I posted the question as DD2 was saying I was too old and un-cool. I wanted to see what you cool mums thought! I am an experienced mum and have 2 elder kids 21 and 18 and have coped with many issues along the way (from attempted suicide, bullying, drugs, Aspergers and allowing DD1 to go to India for the summer) but DD2 is a very different child in a great hurry to grow up, and is testing me in new ways. I was especially grateful to you Flow for the last posting. You speak with great wisdom. Thanks x

OP posts:
ChopstheScarletduck · 29/05/2012 17:17

Dd has been in the standing area of a concert, and the other concert goers were lovely, and ganged up in a couple of men to tell them to move out the way so she could stand safely at the front! It was a fairly small venue though (indigo at the O2)

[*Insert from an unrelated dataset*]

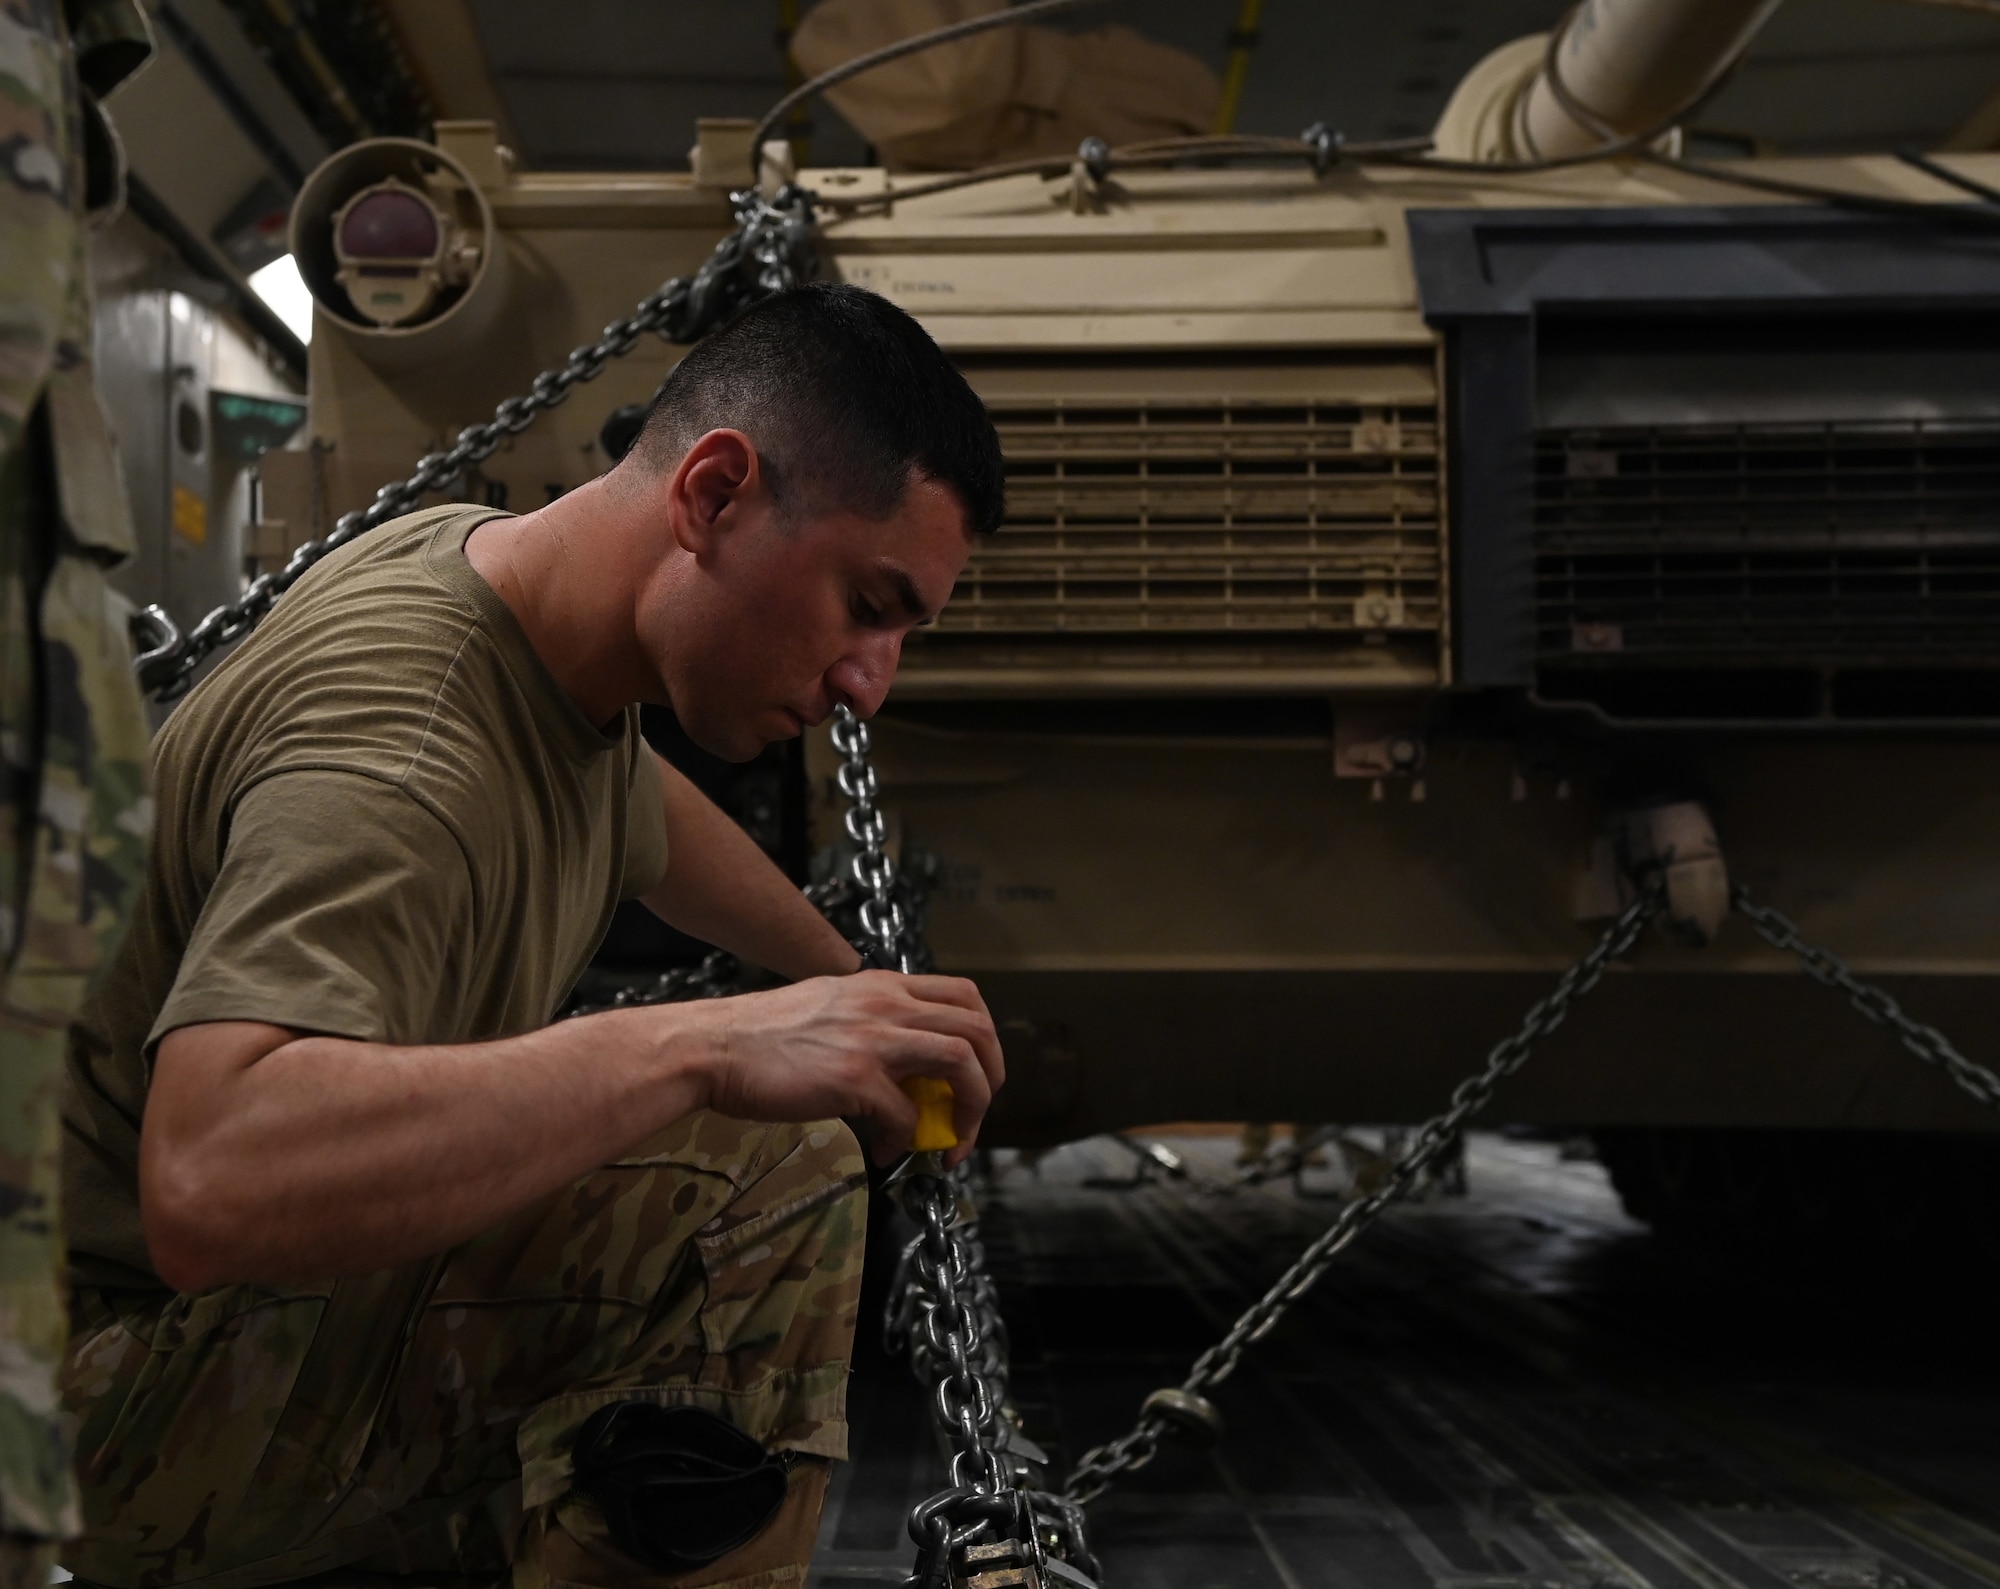 U.S. Air Force Tech. Sgt. Jose Cardoza, an 816th Expeditionary Airlift Squadron loadmaster, measures the length and angle of a chain securing an M-1/A2 Abrams main battle tank Aug 27, 2022 at Ali Al Salem Air Base, Kuwait. Loadmasters thoroughly scrutinize every chain to ensure the angles and placement provide proper restraint to keep the tank secured during flight. (U.S. Air National Guard photo by Master Sgt. Michael J. Kelly)

When we went to take that I refused to let her stand, and we queued for hours together good seating.

I age with flow too. It is always a minefield though. I'm now just starting to let the dts (7) out for short periods with dd, just on our road, and it's so hard to judge how far or long to let them go.

Gymbob · 29/05/2012 22:08

1.30 on a school night, that's a laugh, not on any night, DD1 would be mortified at the mention of it anyway - loves her sleep too much.

I would have let mine go on the trip with the friends I think, but I wouldn't have been at all happy about it and would have been stressed until they were back safe and sound. I think I would feel deceived by the mother though - she should have told you exactly what her plans were and she didn't.

My two DD's went bowling to meet friends - all arranged by another friend's mother. I thought she was staying with them as she hadn't said she wasn't. She went back home. They were there about 4 hours on their own, which was ok, but I did feel deceived.

If that's how cool mother's behave, I'll stay old fashioned and prudish thanks.

rubyrubyruby · 29/05/2012 22:17

This reply has been deleted

Message withdrawn at poster's request.

rubyrubyruby · 29/05/2012 22:18

This reply has been deleted

Message withdrawn at poster's request.

mumeeee · 30/05/2012 01:03

Just a thought would they have allowed a 12 year old to stand at a concert. DD3 is now 20 and has been to loads of concerts.All the concerts she has been to
don't allow under 15's to stand.

ChippingInNeedsCoffee · 30/05/2012 01:33

Glad you have seen the error of your ways, DD2 will be impressed Grin

... well, with the swimming anyway!

The concert I'm not sure about, the late night, as a one off, wouldn't worry me but I'd want other details (who would be with them and I wouldn't want them standing unless the entire concert was standing - even then, I wouldn't want them at the front).